Para poder darle alguna explicación a lo que está viviendo el Gobierno de Sebastián Piñera, Grosso se remite al libro La invención del pueblo del historiador Edmund S. Morgan. Según describe el sociólogo, en la introducción de ese texto Morgan reflexiona que todo gobierno necesita constituir una ficción para legitimarse, y que esa ficción tiene que tener algo de realidad y algo de ficción. Vale decir, debe tener fundamentos concretos, que se aparejan a la realidad, pero a la vez algo de sublimación de esas cosas para que tenga cierta característica sobrenatural, para convencer a la gente.

“Si esa ficción se acerca demasiado a la realidad deja de ser una ficción, y si se aleja demasiado es insostenible y no puede legitimar un gobierno. Entonces, para que un gobierno tenga legitimidad tiene que haber una dialéctica entre ambos extremos que permita tener los pies sobre la tierra. Me parece que al modelo chileno le pasó eso: se alejó demasiado de la realidad, y se terminó convirtiendo en una mera ficción”, expresó. 

A ello, Grosso le suma el factor de manejo político y comunicacional del mandatario. “La forma y los modales de los gobernantes a veces pueden hacer que estos fenómenos estallen todavía más o se apacigüen. Ahí está la habilidad, o la falta de ella, para calmar o provocar a las masas. En mi humilde opinión, me parece que la carrera política de Piñera está terminada acá”. 

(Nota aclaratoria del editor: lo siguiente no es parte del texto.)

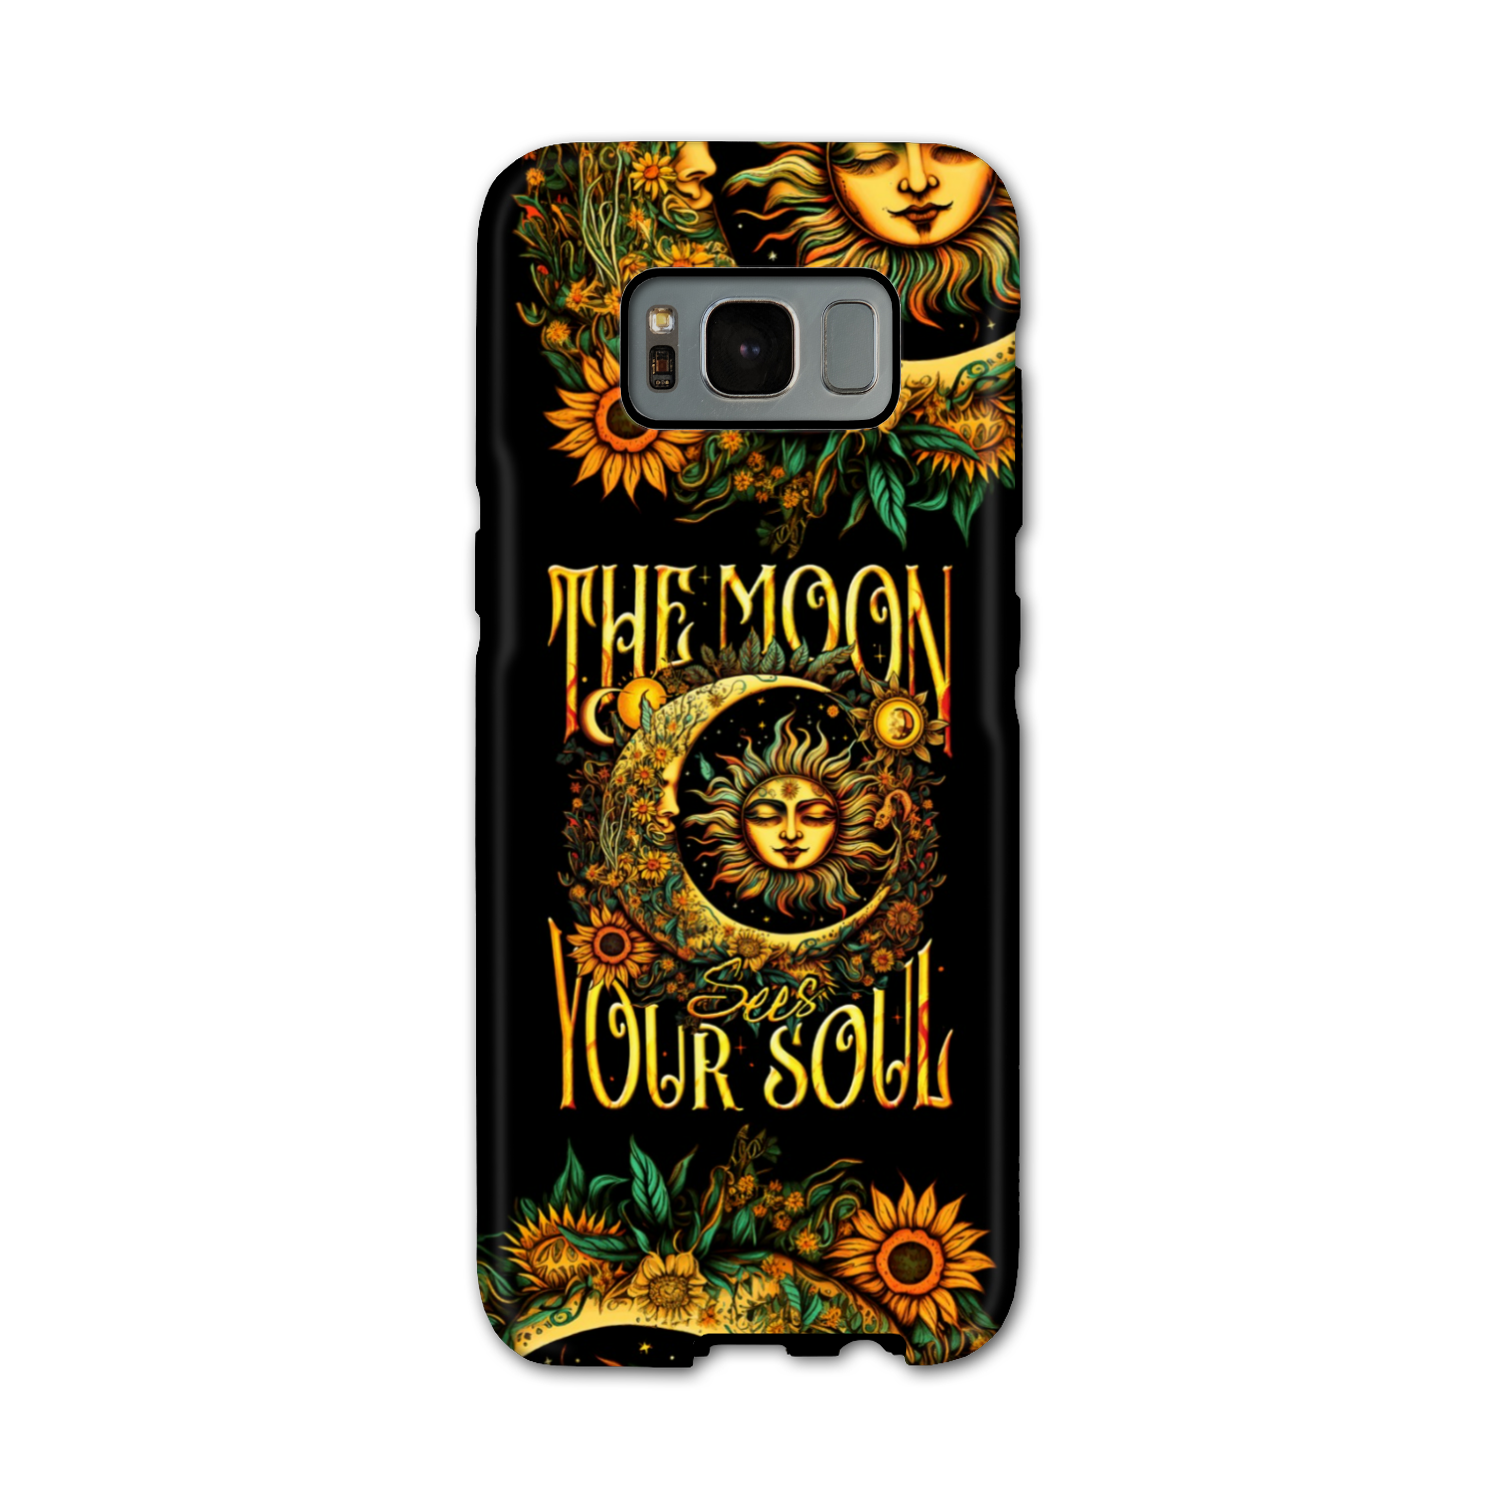 THE MOON SEES YOUR SOUL PHONE CASE - TY1104232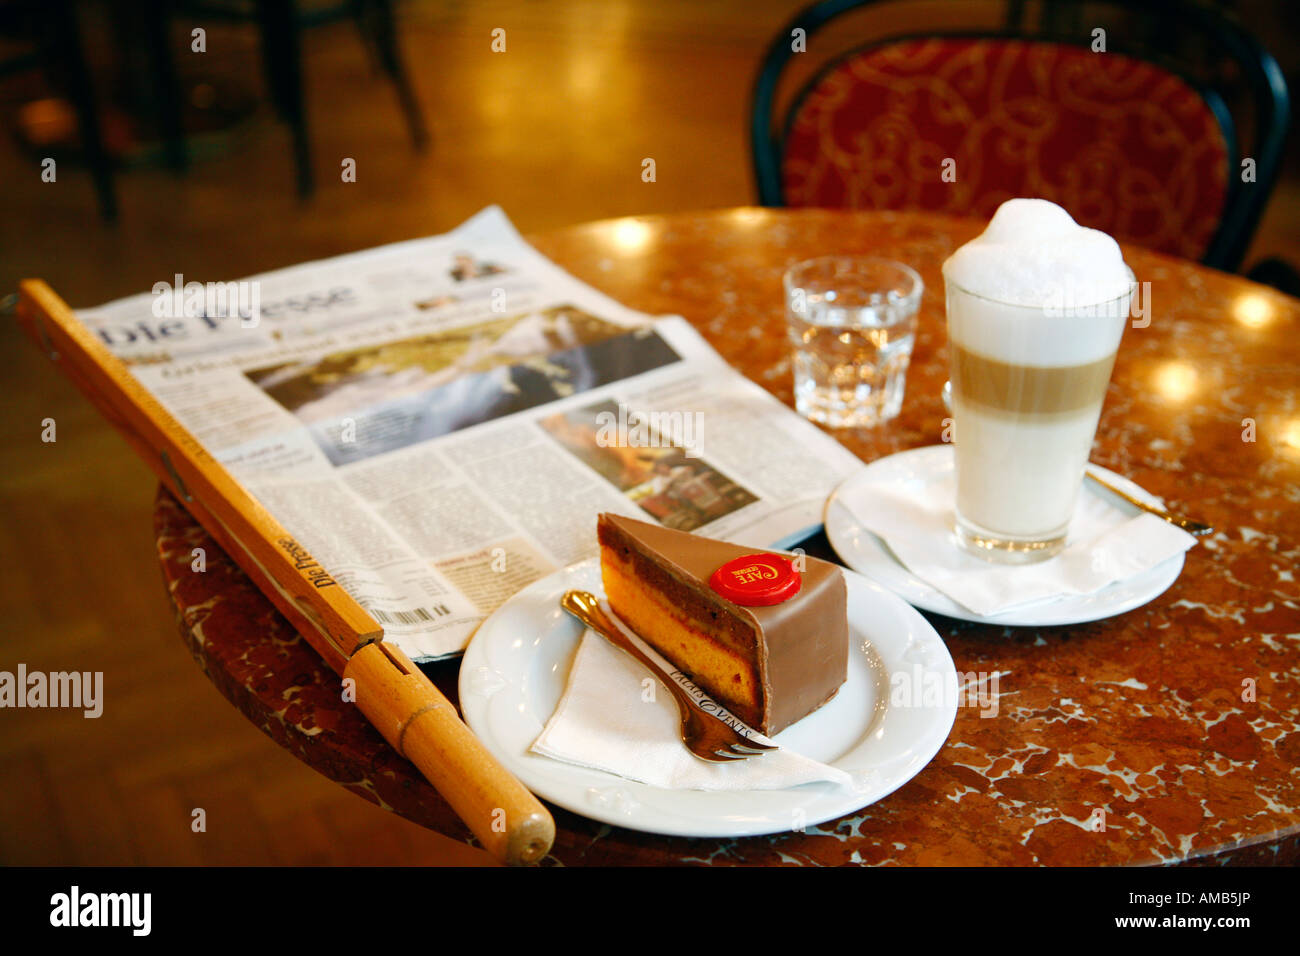 Aug 2008 - Coffee and cake at the famous Cafe Central Vienna Austria Stock Photo

Consultado sobre el reordenamiento político que está teniendo Latinoamérica, y sobre la posibilidad  de que un sector logre cierta hegemonía sobre el otro, Grosso recordó que “venimos de un contexto donde hace algunos años estaba la Concertación en Chile, el Kischnerismo en Argentina, el Frente Amplio en Uruguay, Lugo en Paraguay, Evo en Bolivia, Lula y Dilma en Brasil, Correa en Ecuador, sumado a Venezuela que es un caso bastante especial, y con la sola excepción de Perú y Colombia con gobiernos de derecha. Hoy no veo un regreso tan mayoritario, sino más bien una tensión. Y hay que considerar que los procesos políticos no siempre coinciden temporalmente”.

A partir de aquello, el sociólogo opinó que “va a ser un escenario que se viene complicado en Sudamérica. Se ve que viene un equilibrio entre sectores y no un predominio de una tendencia por sobre otra”.